# Advanced OP for Corners Method



## Thom S. (Nov 25, 2017)

So the reason I made this is because Corners for BLD is a rare Land. Most Top blindsolvers say that there isn' t a good advanced Method between OP and 3Style(Orozco is collecting some steam though) and this is domething I want to change.
You can call this an extension to OP, it is quite more efficient
Setup(~2 Moves), Y Perm(15 Moves), Setup Prime(~2 Moves) from Standard OP is 17-19 Moves while mine current Algorithm set is about 11-12 Moves per Target.
Disclaimer: If you know a different algorithm for a case just reply and I will add it in a coming PDF if it's not completely horrible.
Right now my own Algorithms aren't very Speed-optimized

I made a Corners only-Solve with the Targets
Ubl Dfl dFr Ufr Dbl dBr Ufl dBr
The amount of moves in OP are:
19 17 19 17 19 17 19 17 which adds to 144 moves
With my algorithms the moves are:
15 10 12 17 12 11 15 11 which adds up to 103 moves
So a 41 Moves difference which is pretty heavy if you can execute the Algorithms well

Ubr: U' L' U' L F L' U' L U L F' L2 U L U2
Ufr: F R U' R' U' R U R' F' R U R' U' R' F R F'
Ufl: U2 R U R' F' R U R' U' R' F R2 U' R' U
uFl: F U' F' U2 F B U' F' U B' U2
uFr: U R' F2 L D' L D L2 F2 R , B' R2 F D' F D F2 R2 B U
dFr: R' U' R2 F R' B' D' R D F' R' B
dFl: F2 U' F' U2 F B U' F' U B' U2 F'
ufR: U L F2 R2 D R D' R F2 L' , F R2 B2 D B D' B R2 F' U
ubR: U2 L' U R' U' R L U2 R' U' R , R2 U' F R2 B' D B' D' B2 R2 F' R2
dbR: R2 U' F R2 B' D B' D' B2 R2 F' R2
dfR: R U' R' U' R U R' F' R U R' U' R' F R
uBr: U F2 L' U' L U' L' U' L F L' U' L U L F' L' F2 U'
dBl: U L2 U' L F2 R' D R' D' R2 F2 L U'
dBr: (y) F L2 B2 D' B' L2 F U' F2 (y') , (y') B R2 F2 D' F' D F' R2 B U' B2 (y) , R F' U' F R2 B' D B' D' B2 R
ufL: F2 R U' R' U' R U R' F' R U R' U' R'F R F2
dfL: F L2 D' L' D L' F2 R U' R' F
dbL: U M' B2 R B U R B' R2 B2 R U' r'
DflU F2 R2 D R D' R F2 L' U L U'
Dfr: R U R' F2 L D' L D L2 F2 , R2 B2 D B D' B R2 F' U F , R U R' F2 L F L2 U L U' F
Dbr: U' R2 F R' B' D' R D F' R' B R' , U' R2 F2 D' F' D F' R2 B U' B' U
Dbl: U2 L U L' B2 R D' R D R2 B2 U2


----------



## rezaqorbani (Nov 26, 2017)

Thom S. said:


> Dfl: U F2 R2 D R D' R F2 F' U' U'


Dfl: U F2 R2 D R D' R F2 L' U L U'


----------



## Thom S. (Nov 26, 2017)

Thanks, changed it, sorry for the inconvenience


----------



## h2f (Nov 26, 2017)

Thom S. said:


> Standard OP is 17-19 Moves while mine current Algorithm set is about 11-12 Moves per Target.

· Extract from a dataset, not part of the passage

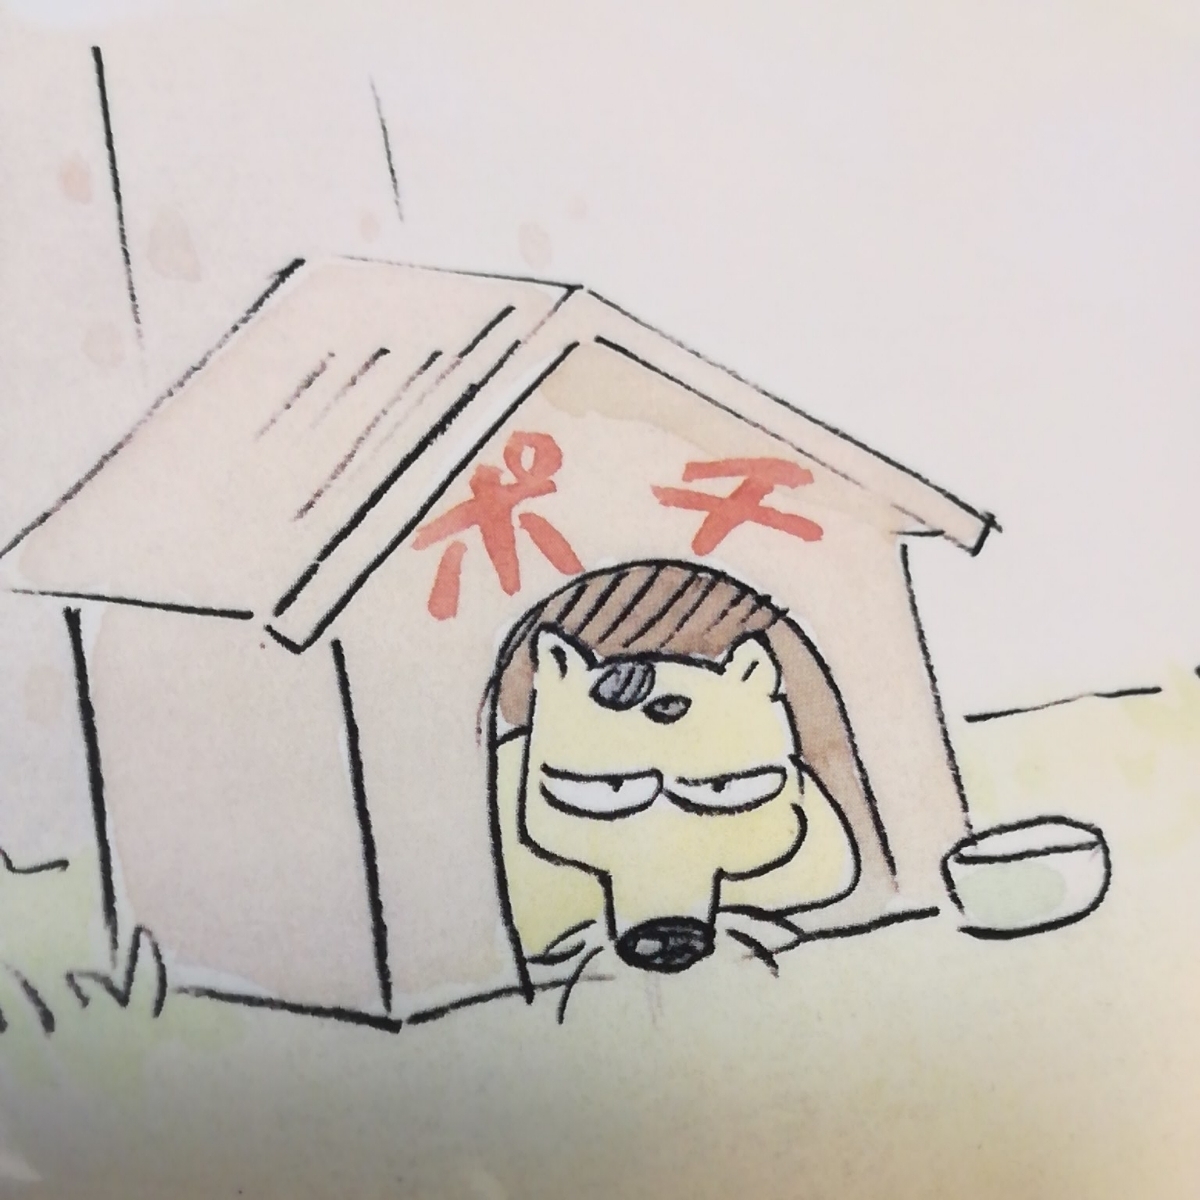 Wird in einer Schutztasche geliefert. [Originalartikel] Mein Nachbar Yamada-kun Studio Ghibli Original-Kunstausstellung [Limitiert] Postkarte.Layout-Ausstellung.Originalzeichnungen.Cel-Zeichnungen.Sammler.Viel Ghibli., Comics, Anime-Waren, handgezeichnete Illustration

It's intresting concept you gave and I was thinking why OP is so popular. The reason, I think, is obvious - it's simple and one can make it automatic very easy while in this case you need to learn 18 new algorithms which are not best at the moment. I think one must spent a lot of time to make it as automatic as OP while it would be better to spent it practicing some easy comms for corners. In fact, shorter is not equal to better. When you take a look at comms list of top blinders like Ishaan, Daniel Lin etc. you may notice that in many cases they prefer to make 2-4 moves setup which gives better case than solving it directly. 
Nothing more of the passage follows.